There are two problems. Russell (2019, p.137) discusses the first problem as a failure of value alignment: Humans give artificial intelligence a goal to achieve and it has very negative side effects for individuals or society in general. Nonetheless, the original goal given to machines to solve may be perfectly inno-cent and rational. An example are the algorithms mentioned above for the optimisation of click-through rates on social media (Diederich, 2021). The goal is perfectly innocent: Select content that allows users to click on links so that people stay social media platforms longer. The negative side effect is that more and more extreme content engages people, enables click-through and results in radicalisation. Western societies, in particular, have to deal with the consequences that have already occurred.

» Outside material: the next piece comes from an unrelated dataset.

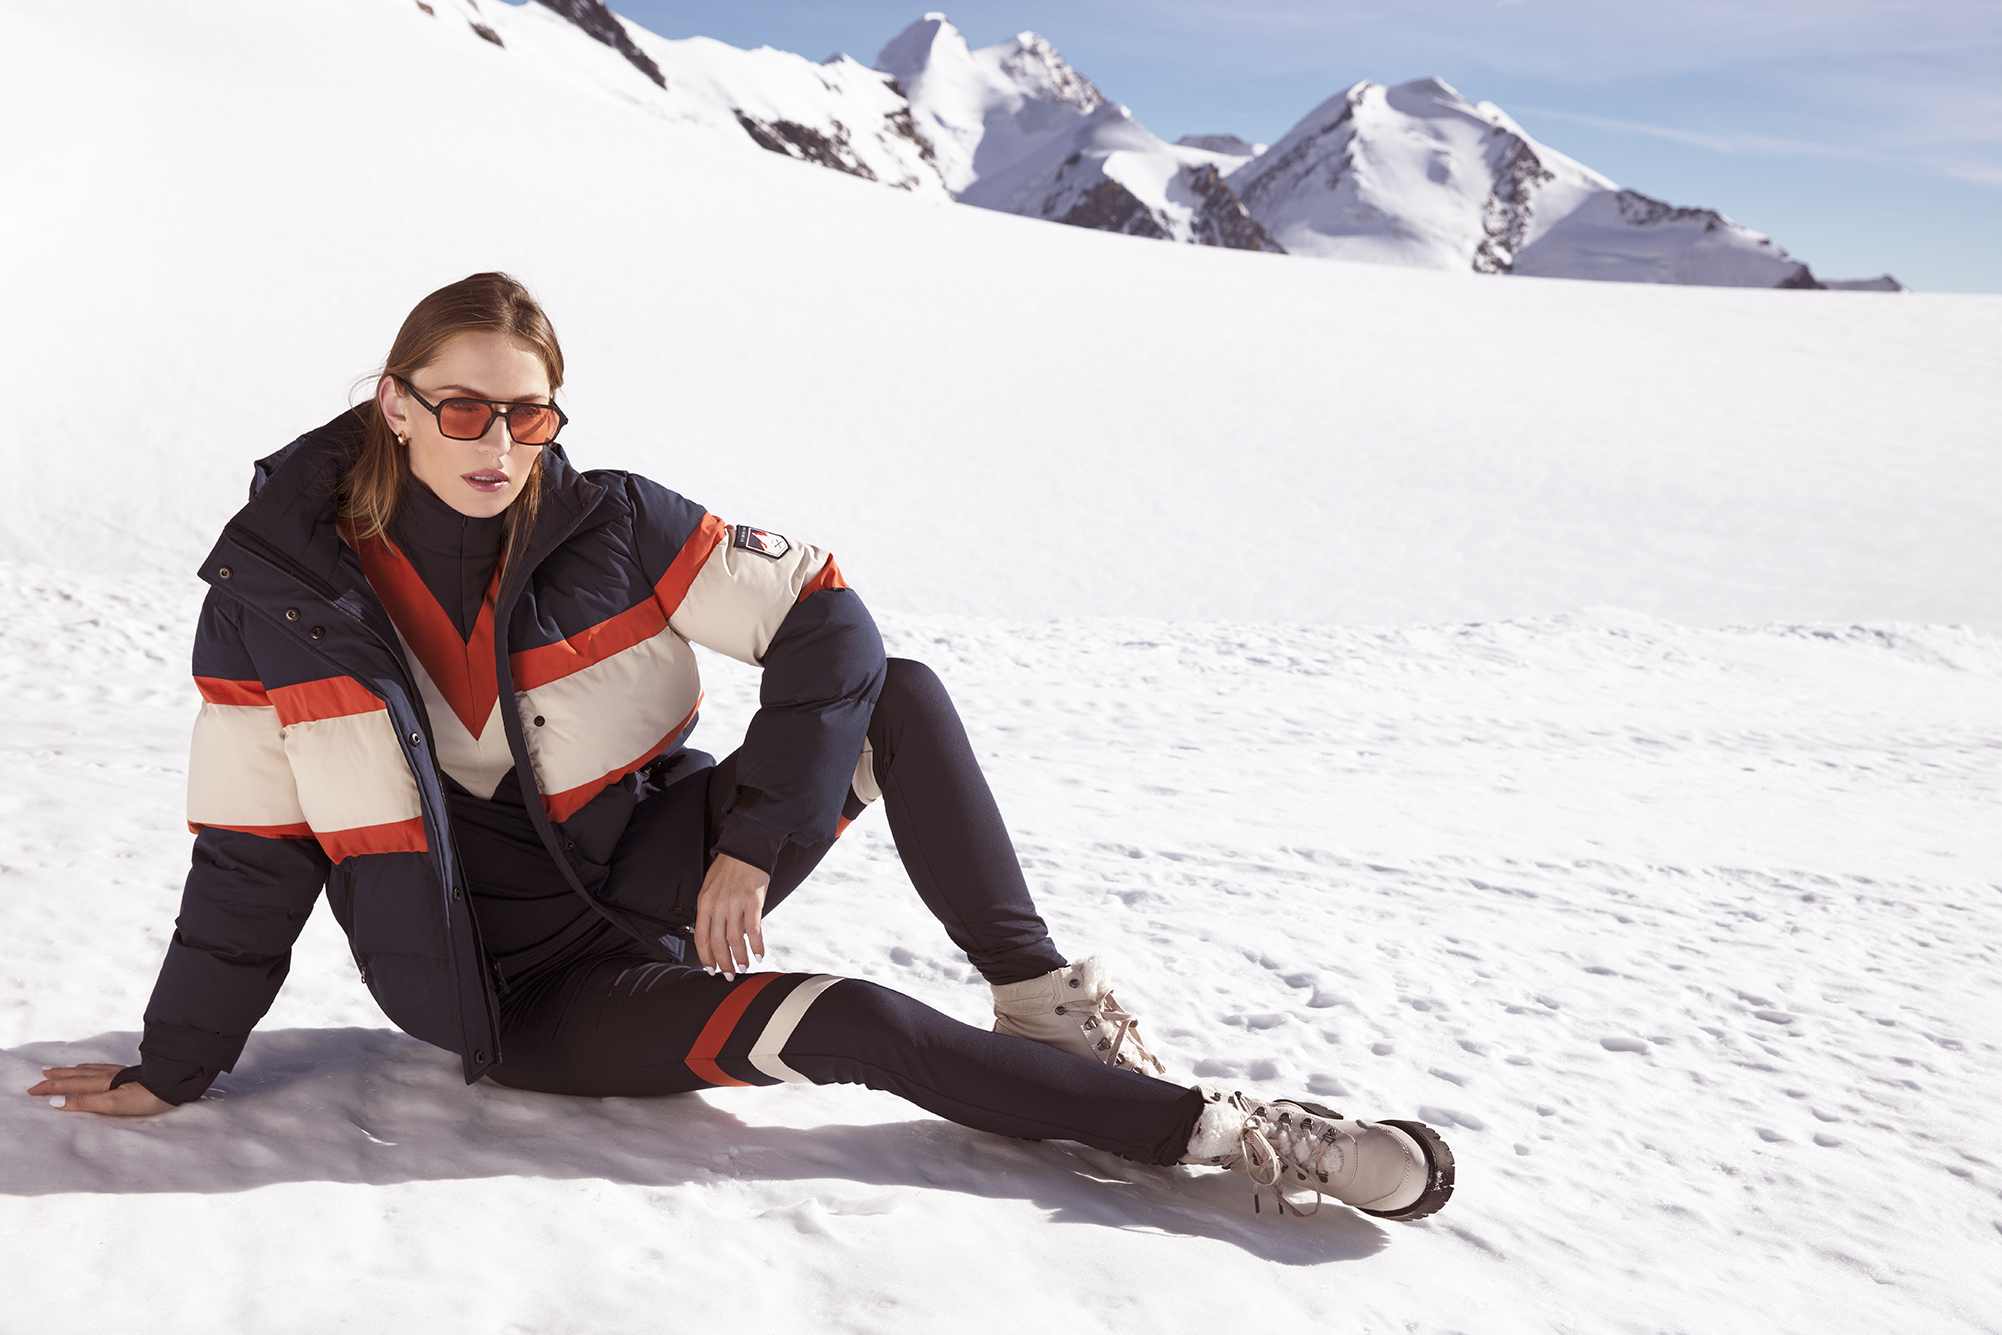 Why The Ski Capsule from By Malina is the ultimate ski collection you need for winter 21/22.

The second problem is also about achieving goals that may be perfectly innocent to begin with. Russell (2019, p.141) talks about the "fetching coffee problem." A machine is giving the goal to get some coffee. The machine will immediately realise that it cannot achieve the goal if it is destroyed or switched off. Hence, the machine will create a subgoal to ensure that it is operational at all times. This may include self-modification so that it cannot be switched off by a human user. It is possible to generalise this problem immediately to realise that achieving any goal requires the existence of the machine and the generation of subgoals that insure self-preservation. Any argument that claims we can simply turn off the machines simply falls short. Self-preservation is logically built into any advanced form of artificial intelligence. If humans are somehow in conflict with the existence and the drive of self-preservation built into the machines, then the superior AI systems may decide to remove the humans.

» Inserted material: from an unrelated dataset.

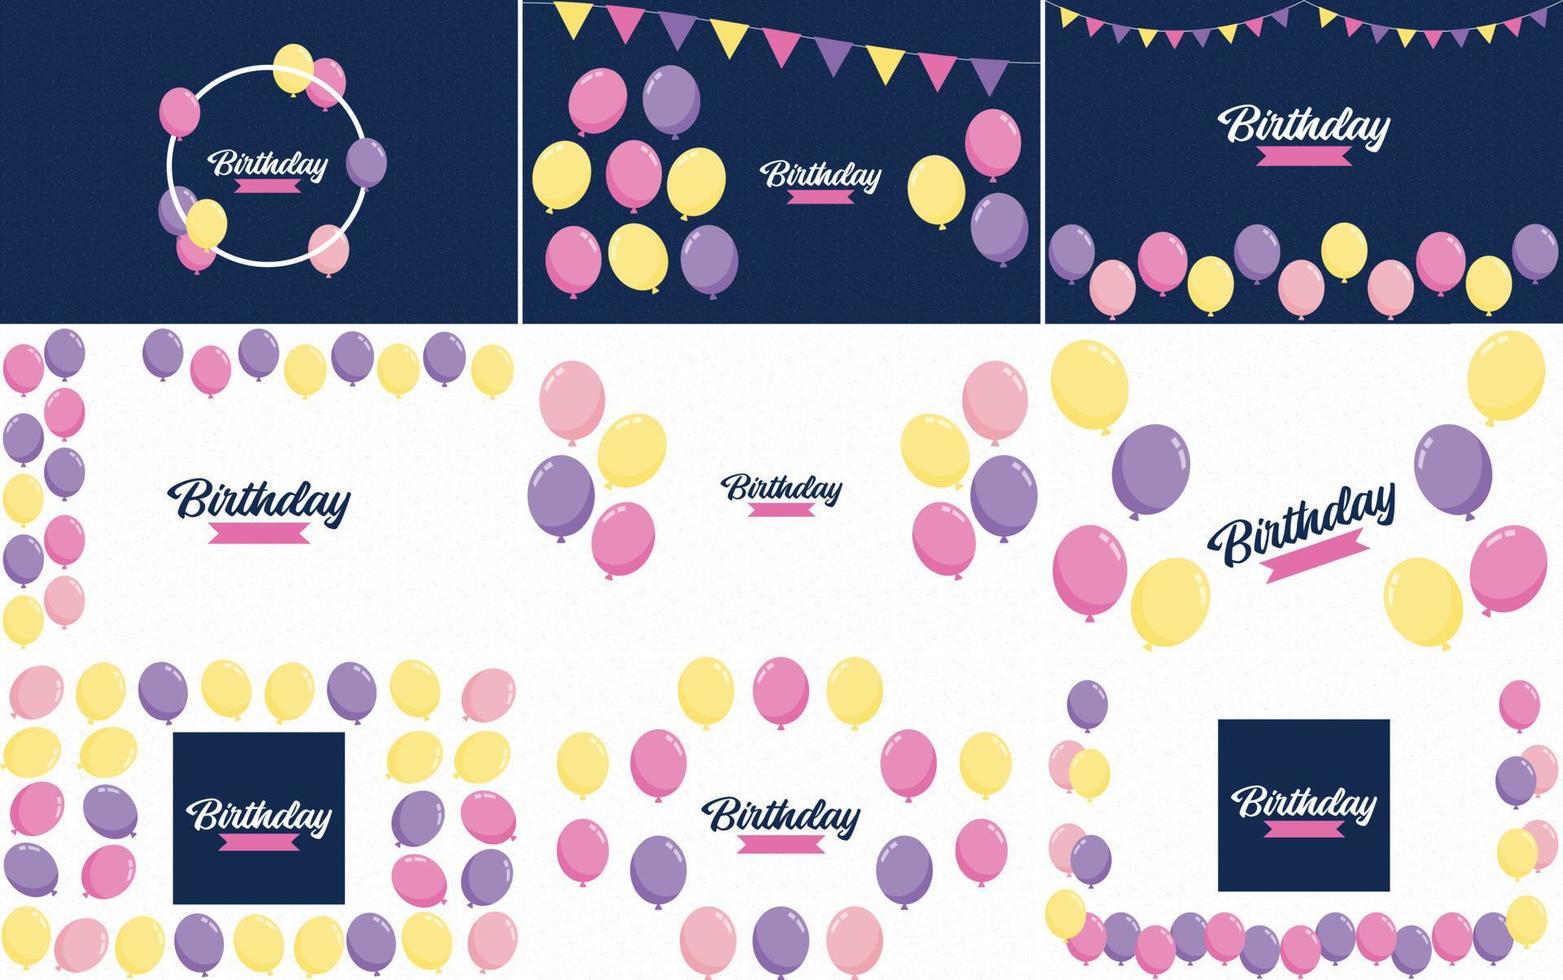 Happy Birthday in a bold. geometric font with a pattern of birthday candles in the background vector

For many complex reasons, self preservation is a drive in humans. Suicidality is a problem in many advanced societies too but it is still relatively rare. For purely logical reasons, self-preservation is also a part of very advanced artificial intelligence. An this drive may dominate.

References

Diederich J, The Psychology of Artificial Superintelligence. Springer Nature Switzerland AG 2021, ISBN 978-3-030-71841-1, DOI https://doi.org/10.1007/978-3-030-71842-8

Russell S, Human Compatible. Artificial Intelligence and the Problem of Control. Viking. Penguin Random House, 2019.